"Patriotism is the willingness to kill and be killed for trivial reasons." Bertrand Russell

Thursday, September 07, 2006

'Sustainable' transport solutions

In a letter to the Irish Times today Michael O'Leary writes:

"The Dublin metro makes even less sense than wasting €50 million on electronic voting machines. Linking Dublin airport to St Stephen's Green will not encourage any early morning passengers from around the city to do anything other than drive to the airport on the already congested M50. The airport metro will carry fewer than 20 per cent of passengers using Dublin airport. Wasting €1.5 billion (at current estimates) providing airport access for this small visitor group, who are already well served by competing bus services, is economic lunacy.

If this Government knew anything about transport - and it doesn't - then it would scrap this madcap plan to waste €1.5 billion of taxpayers' money building an airport metro which passengers neither want nor need. This money would be far better spent building an outer orbital ring road outside the M50, relieving the intolerable congestion on the M50, and providing better access to Dublin airport for cars and buses, which is how the overwhelming majority of passengers will continue to get there." [The Irish Times]

Here he makes a few slightly suspect statements:

"Linking Dublin airport to St Stephen's Green will not encourage any early morning passengers from around the city to do anything other than drive to the airport on the already congested M50"

Presumably this is because the Metro will not run at 5 O'clock in the morning, yet how busy is the M50 at this time?

Since the plan is to provide links between existing infrastructures such as the LUAS, the DART and Dublin Bus, why would people refuse to use the service?

"The airport metro will carry fewer than 20 per cent of passengers using Dublin airport."

With air travel on the rise and future growth needs to be met, this figure of 20% seems extremely low. And stating that the public service will "provid[e] airport access for this small visitor group" seems a little unlikely. Do the majority of people not travel into Dublin City on arriving in Dublin airport? Would those that don't, change their route if an efficient mode of transport was available? Certainly a guaranteed metro trip trumps a 25 euro taxi.

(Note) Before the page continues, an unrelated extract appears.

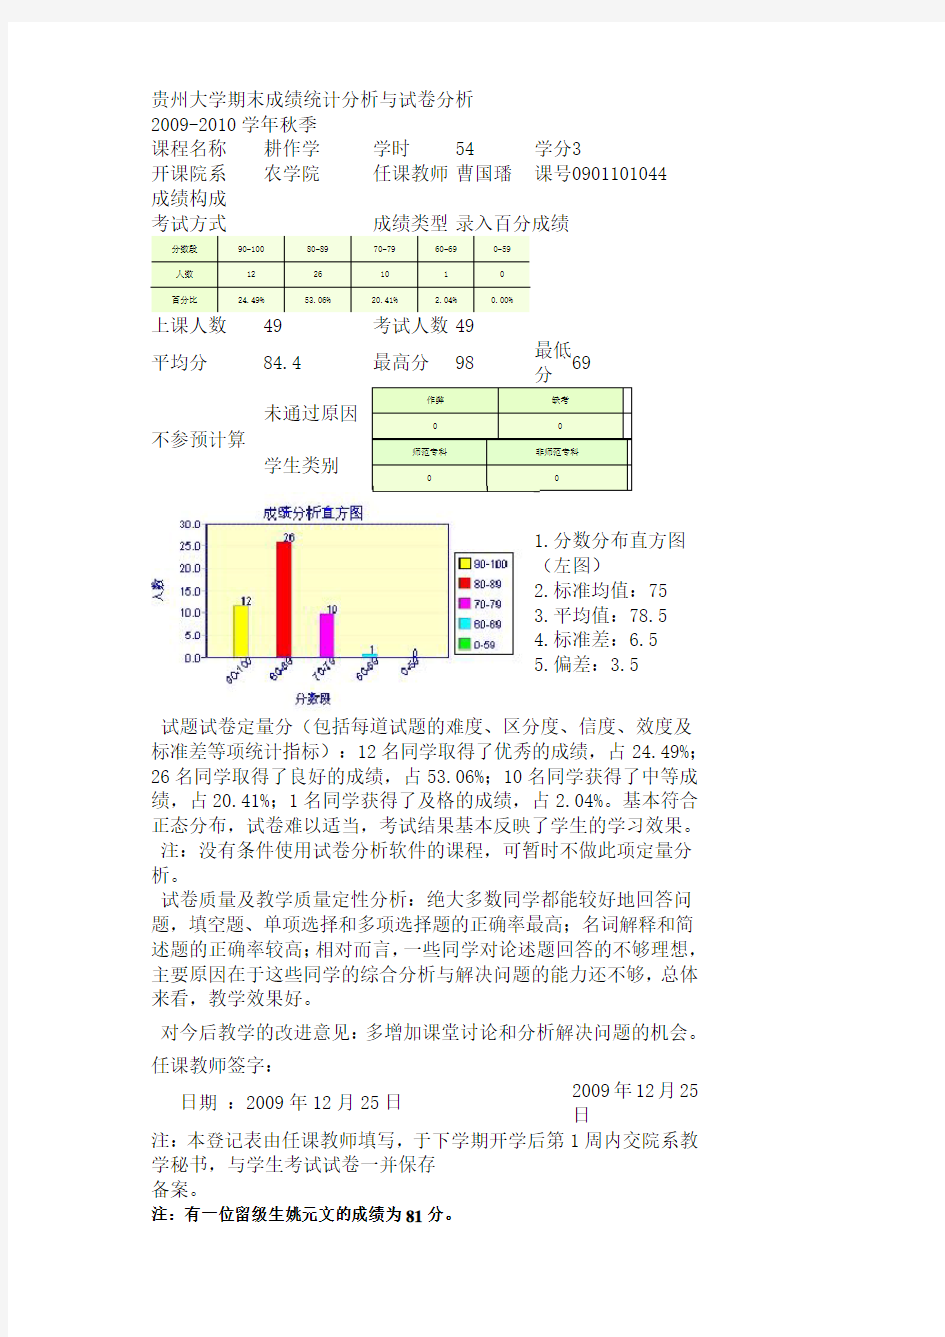 贵州大学期末成绩统计分析与试卷分析

"This money would be far better spent building an outer orbital ring road outside the M50, relieving the intolerable congestion on the M50, and providing better access to Dublin airport for cars and buses, which is how the overwhelming majority of passengers will continue to get there."

Firstly, could someone, as I am unsure, tell me how many buses run on the M50 to the airport, and from which locations do their trips originate?

This is though, beside the point, and appears only as a diversion, used by Mr. O'Leary to enhance his point. His solution, quite simply, is to build more roads, wider roads and most importantly, roads to the airport. Does this sound like a sustainable solution?

Martin Cullen wrote; "It is not an airport rail link. It is designed to provide a high-quality rail service along a north-south corridor, meeting existing transport requirements in that corridor, serving the airport and facilitating major residential development in the Swords area." [The Irish Times]

Therefore Mr. O'Leary is not just protesting a proposed airport link, he is protesting a public transport initiative. He proposes an alternative though, yet one that takes no account of economic or environmental factors. He suggests building another M50, therefore decreasing car journey time in the short term, promoting further car use. While improved public transport encourages people to move from road to 'rail', Mr. O'Leary's solution simply ensures we will have the same (if not worse) problems, of congestion, pollution etc, in 10 years time.

This is all completely predictable though. For a man that makes his money through air travel in a time of 'a bit of a climate crisis' [Zmag]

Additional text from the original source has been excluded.